### DATA
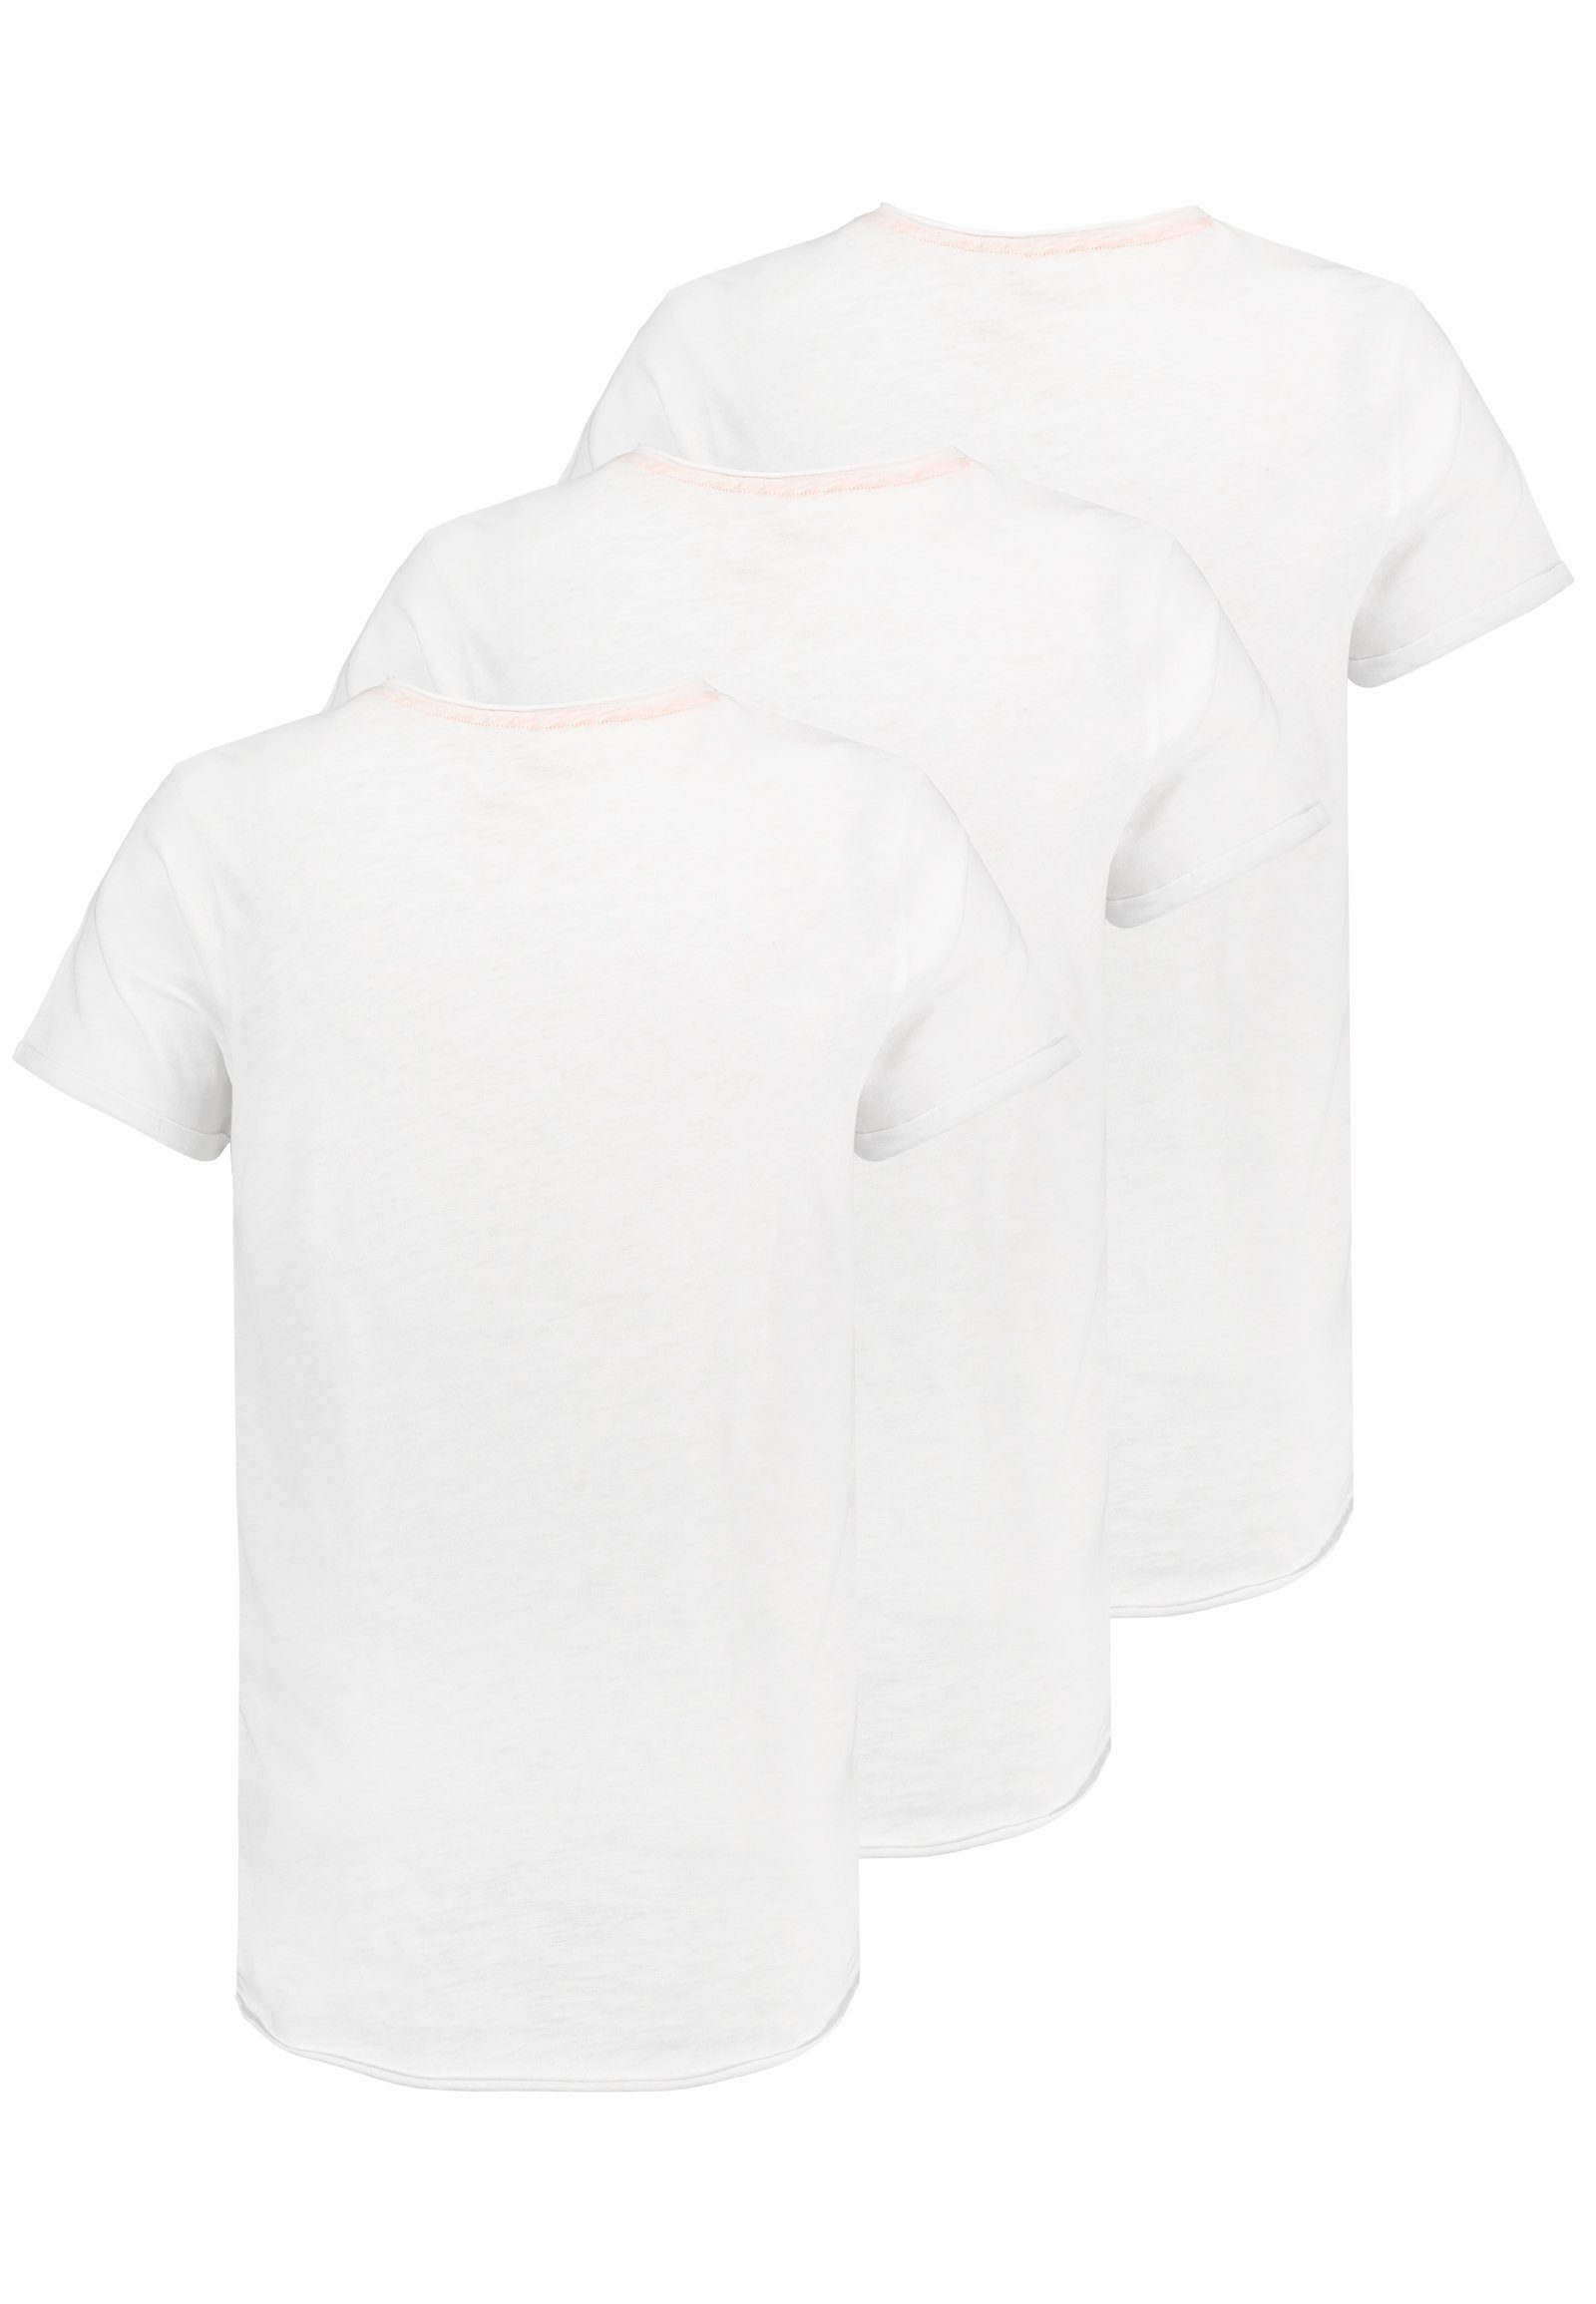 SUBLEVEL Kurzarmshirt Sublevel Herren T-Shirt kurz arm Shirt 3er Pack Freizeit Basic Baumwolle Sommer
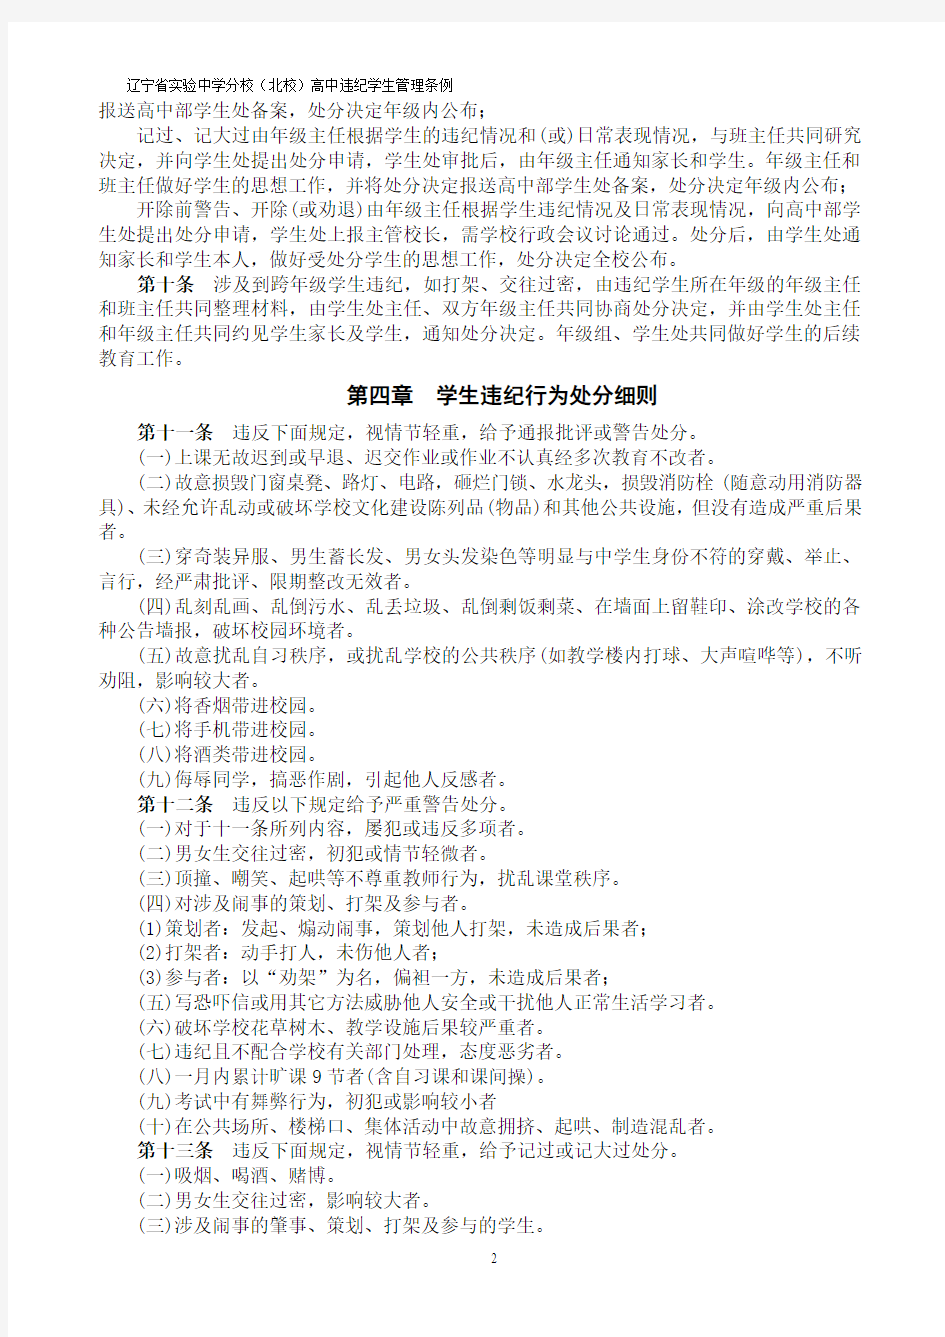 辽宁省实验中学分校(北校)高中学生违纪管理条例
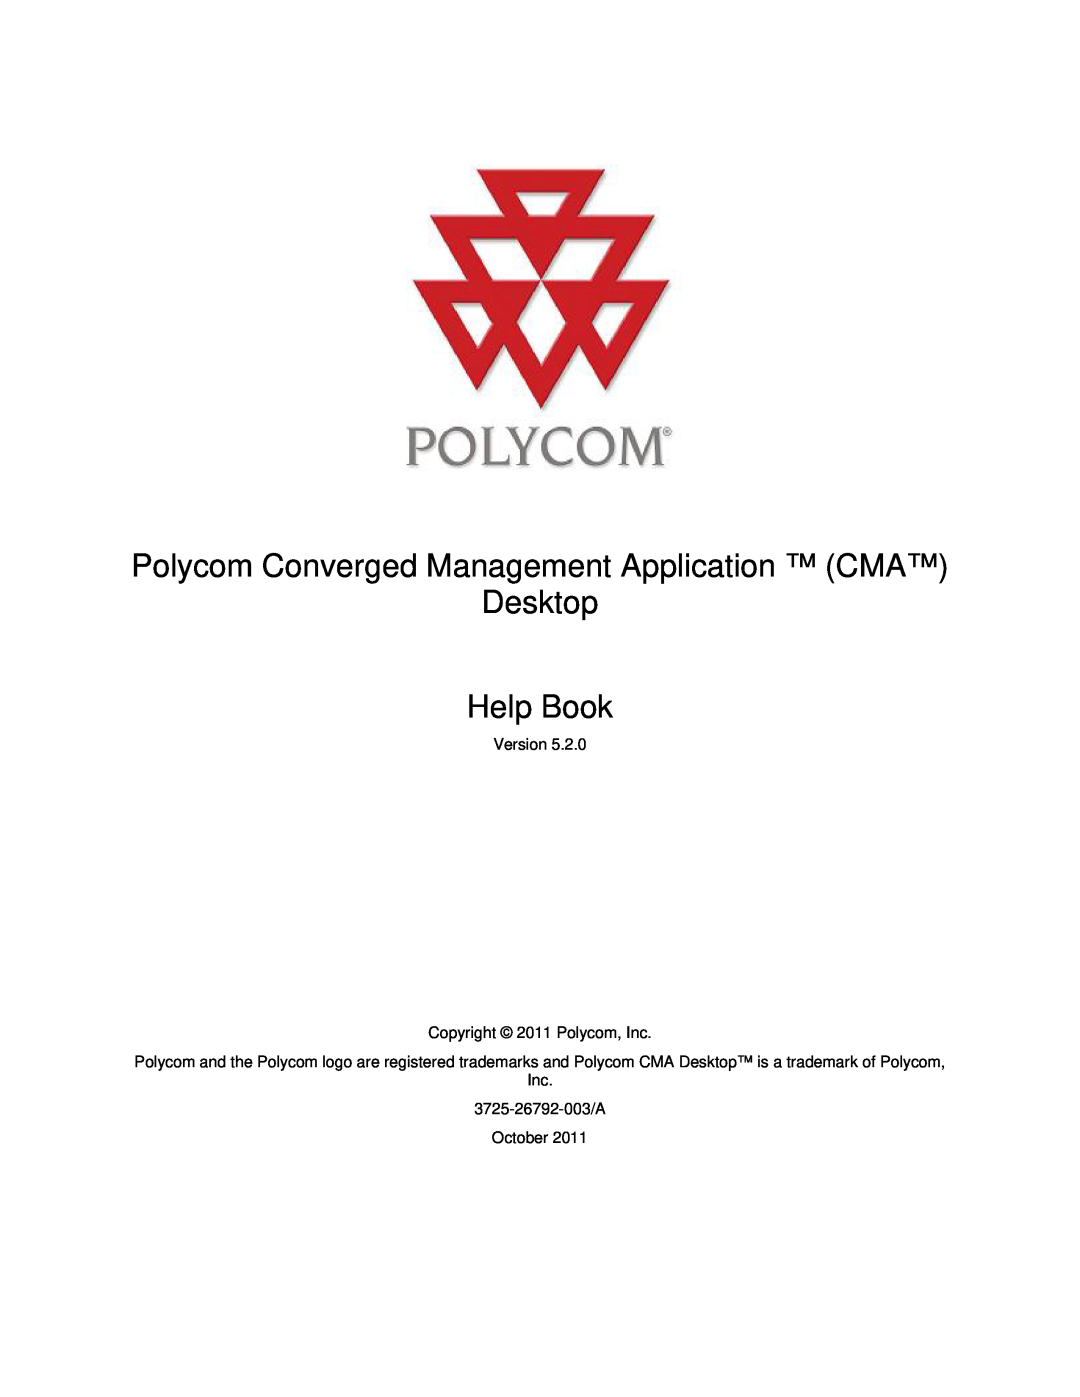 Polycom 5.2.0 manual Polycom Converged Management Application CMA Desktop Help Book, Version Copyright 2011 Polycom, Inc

### WHAT YOU NEED TO DO
Your copy should hold only the lines from the line with "辽宁省实验中学分校(北校)高中学生违纪管理条例" through the end of the data above, both ends included, transcribed exactly and without pictures.

### RESULT OF THE EXERCISE
 辽宁省实验中学分校(北校)高中学生违纪管理条例
 Polycom 5.2.0 manual Polycom Converged Management Application CMA Desktop Help Book, Version Copyright 2011 Polycom, Inc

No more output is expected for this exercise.